> SUPPLIED INFORMATION:
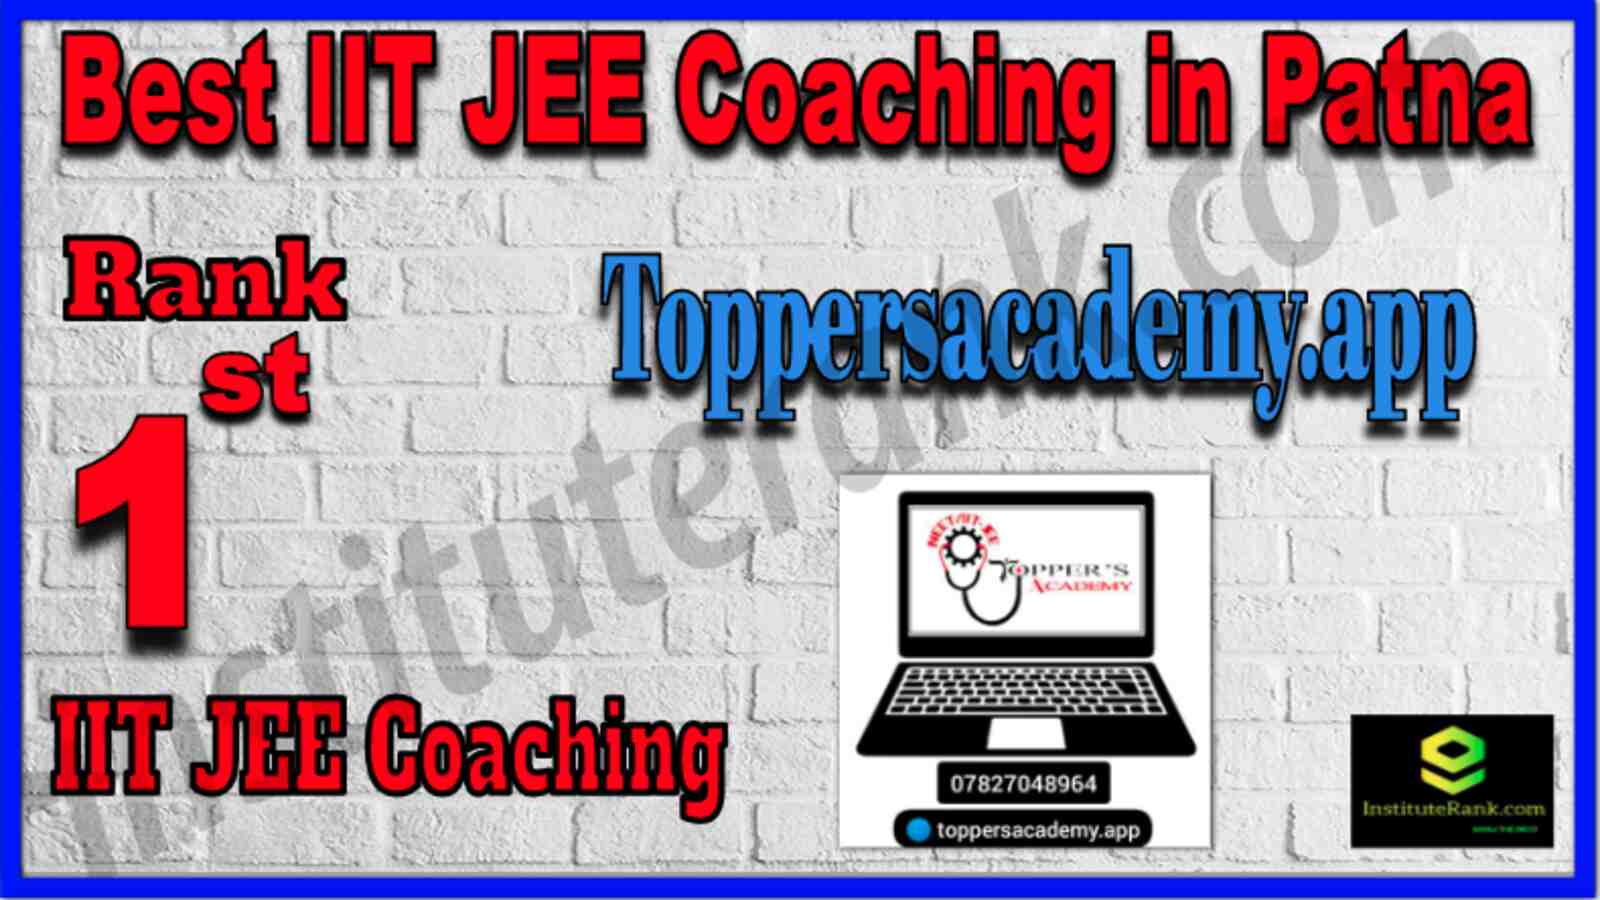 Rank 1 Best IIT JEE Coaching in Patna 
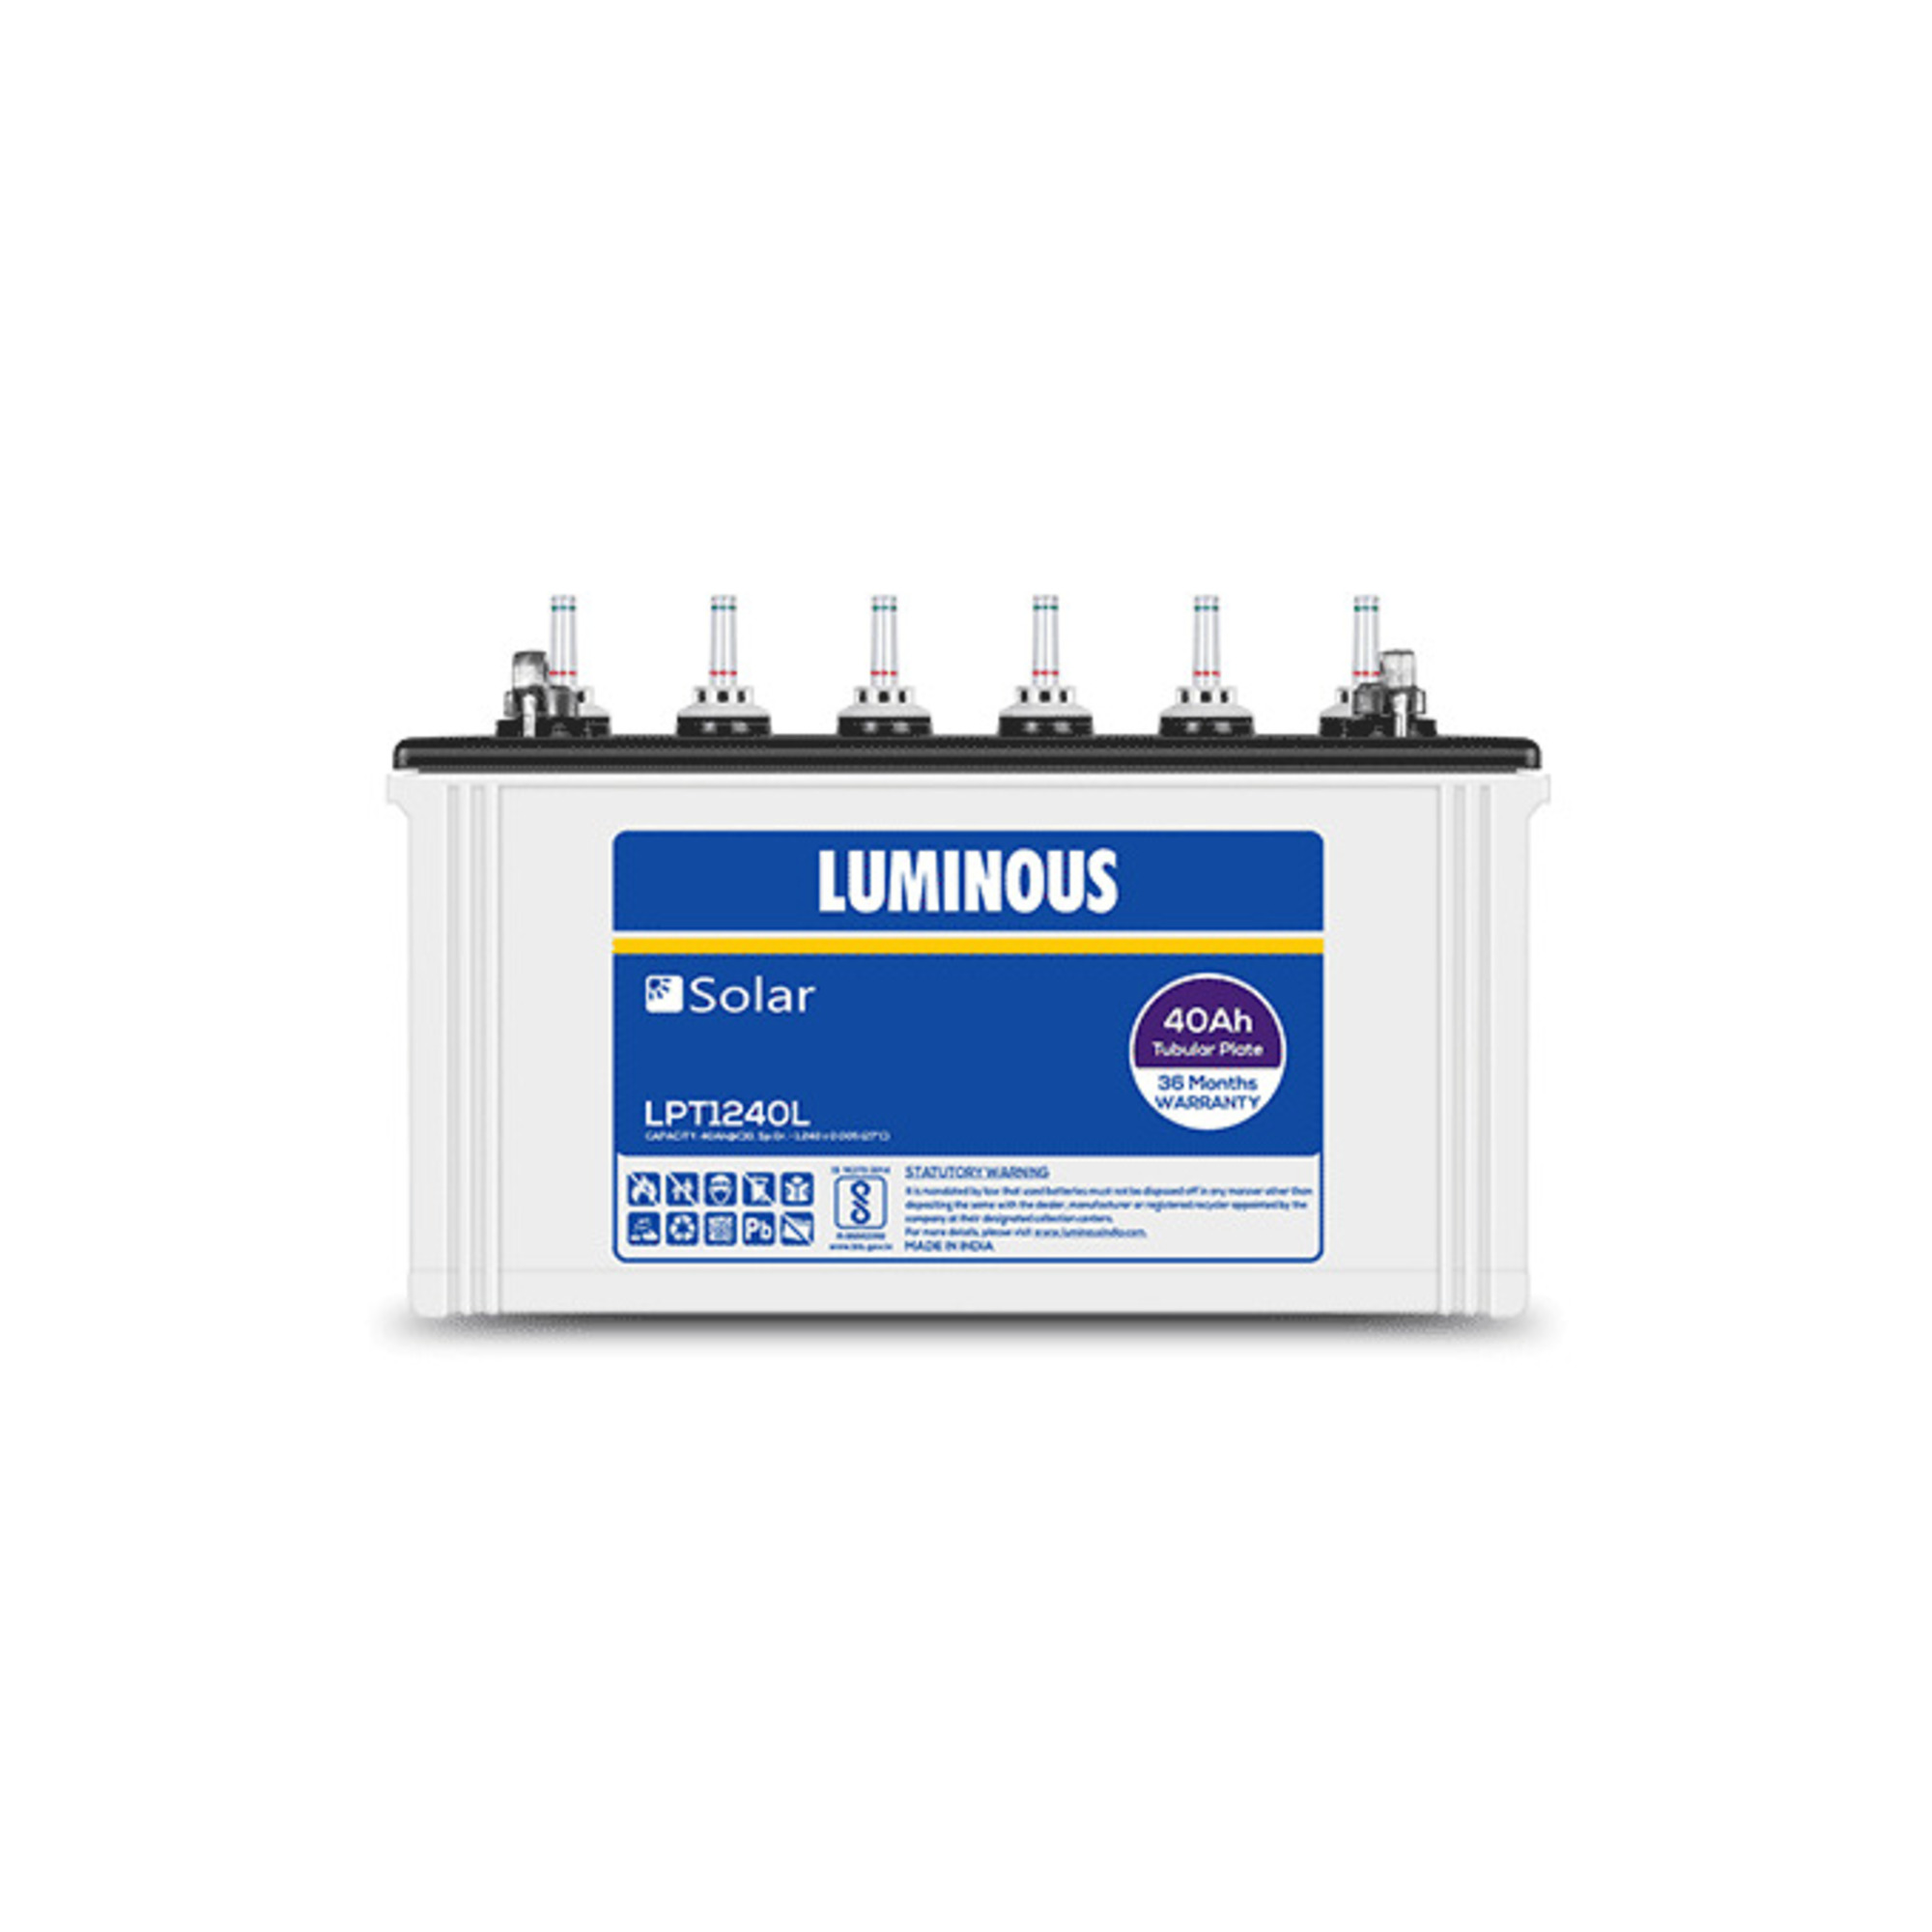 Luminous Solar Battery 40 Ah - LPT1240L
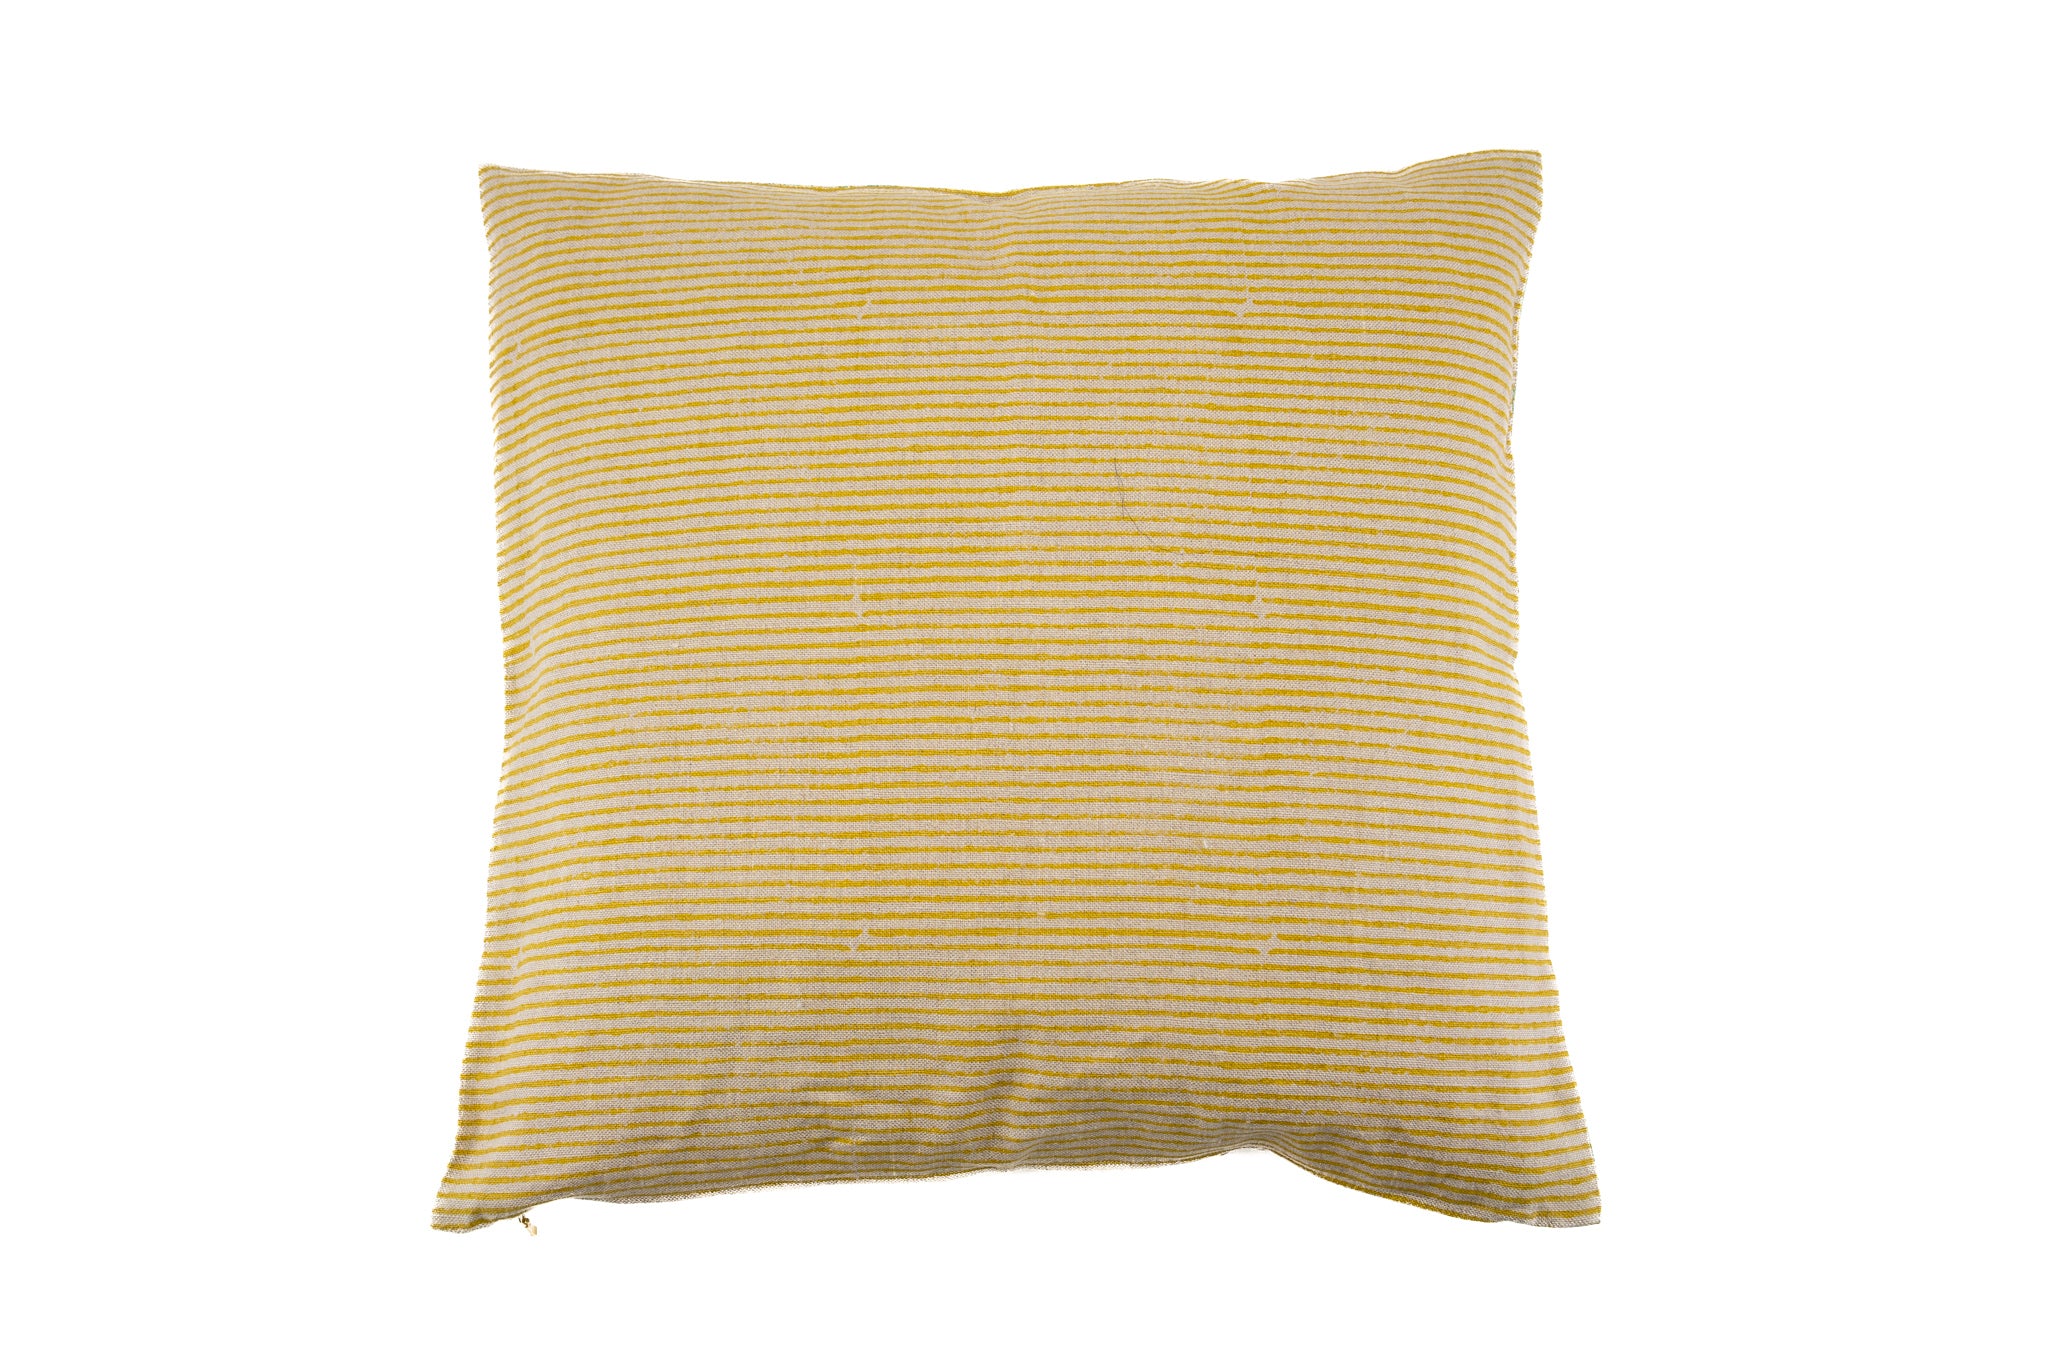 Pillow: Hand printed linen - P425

> TASK TO CARRY OUT: Every line of the data should be copied as it stands, without the images.

> YOUR SOLUTION:
 Rank 1 Best IIT JEE Coaching in Patna 
 Luminous Solar Battery 40 Ah - LPT1240L
 Pillow: Hand printed linen - P425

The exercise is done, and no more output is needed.